Heute war es näher als sonst, bedrängte sie von allen Seiten. Panisch begann sie zu laufen, ziellos, sich immer wieder umdrehend. So hatte sie nur an den ersten paar Tagen auf ihre Angst reagiert, fraß eine Flucht ins Leere schließlich so viel ihrer kostbaren Energie, doch jetzt war ihr das alles egal. Sie stolperte los, über den unebenen Waldboden, die hohen Baumwurzeln, die ihr den Weg erschweren wollten. Dornen schnitten ihre nackten Beine, aber es wollte sie einfach nicht verlassen, glitt lautlos mit ihr durch die Nacht.
Entkräftet und außer Atem blieb sie stehen. Sie fühlte sich schrecklich machtlos und Wut stieg in ihr hoch. Egal, ob sie jemand hören würde oder nicht, ob es Zeitverschwendung war, ob sie sich selbst damit in den Wahnsinn treiben würde, es musste raus. Ihre Fäuste ballten sich, sie legte den Kopf leicht in den Nacken und öffnete den Mund, setzte zum Schrei an, aber was war nun los? Plötzlich war es in ihr!
Kein Ton kam jetzt über ihre Lippen und ihre großen Kulleraugen füllten sich mit Tränen. Das hatte sie nicht verdient. Die Wut kochte noch immer in ihr, doch auf einmal bemerkte sie, wie sie die Kontrolle über ihren Körper langsam verlor, oder eher abgab, denn sie wollte sich gar nicht dagegen wehren. Es war ein erleichterndes Gefühl und sie fühlte sich geborgen, als sei sie endlich angekommen. Nur noch ein kurzes Lächeln blitzte auf ihren Lippen, dann gab sie sich von Wärme erfüllt ganz hin. Sie war zu Hause.

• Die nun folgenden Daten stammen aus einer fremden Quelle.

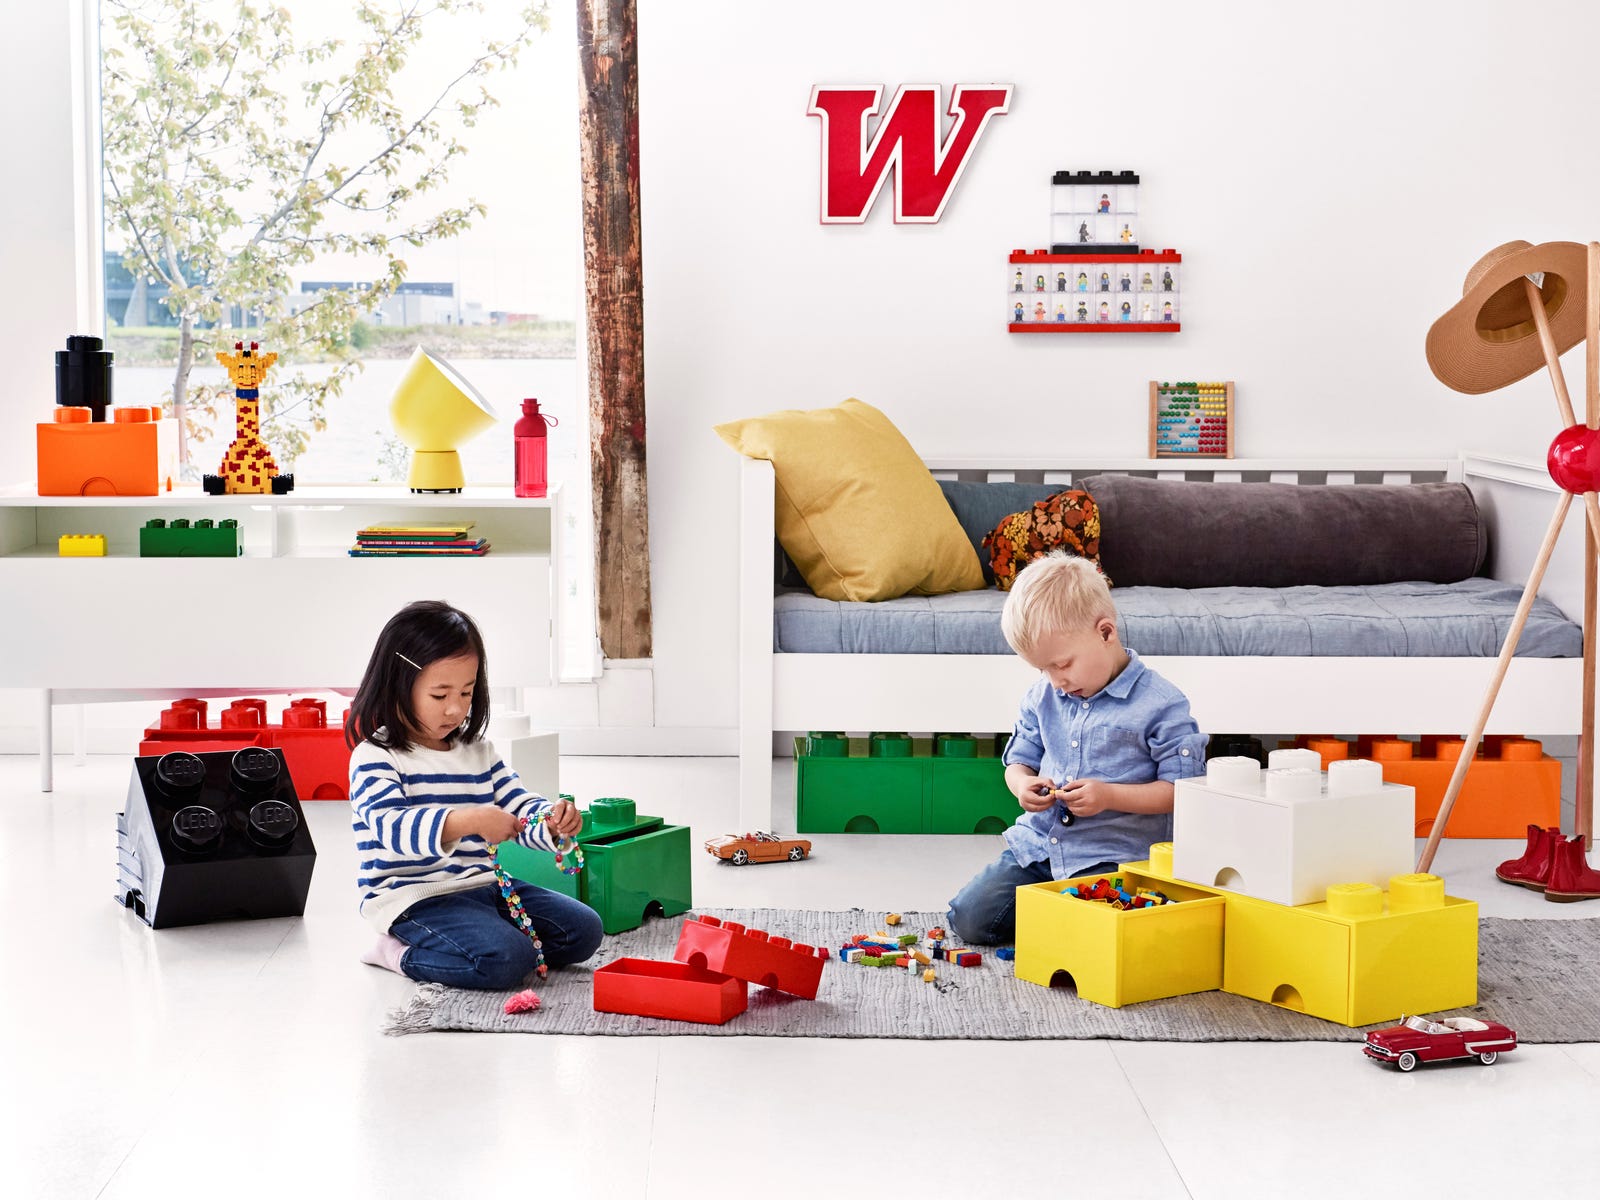 Lego Storage Brick säilytyslaatikot - Tyylikäs ja leikkisä lelujemma lastenhuoneeseen
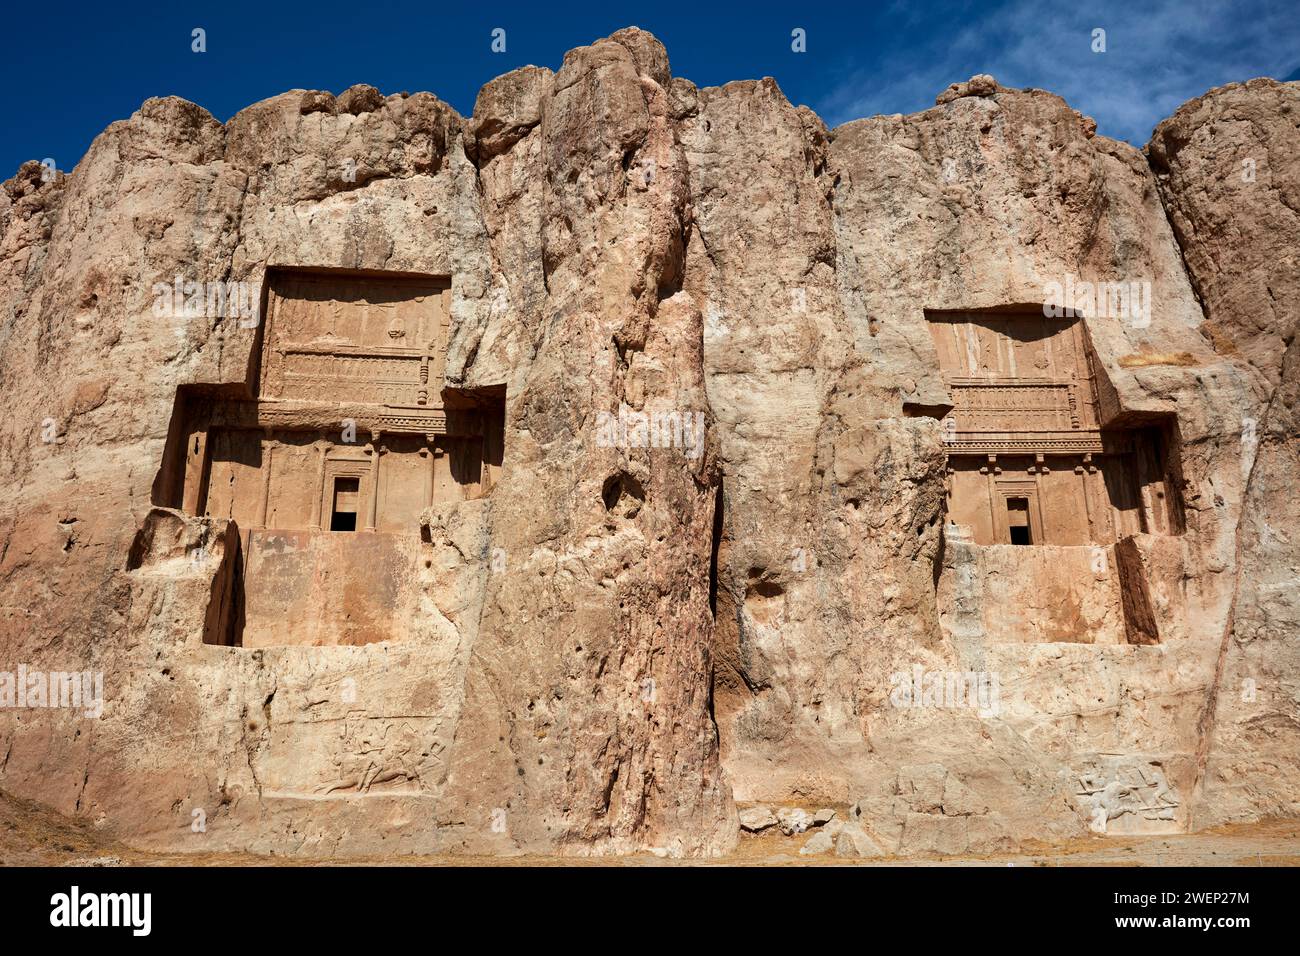 Tombes taillées dans la roche de deux rois achéméniens de l'Empire perse - Artaxerxès I (à droite) et Darius II (à gauche). Nécropole Naqsh-e Rostam près de Persépolis, Iran Banque D'Images

Ziel gerichtet fuhren ihre Hände den Körper hinauf bis zum Hals. Mit sicheren Fingern tastete sie ihn ab, spreizte schließlich die Finger und bohrte die Nägel in ihr Fleisch, so dass das Blut pulsierend herausspritzte. Tiefer und tiefer gruben sie sich hinein und es gab keinen Schmerz der sie aufhalten konnte.
Sanft glitt ihr blasser Körper zu Boden. Seine Aufgabe war erfüllt und der Gast schlich sich lautlos wie er gekommen war zurück in die Nacht.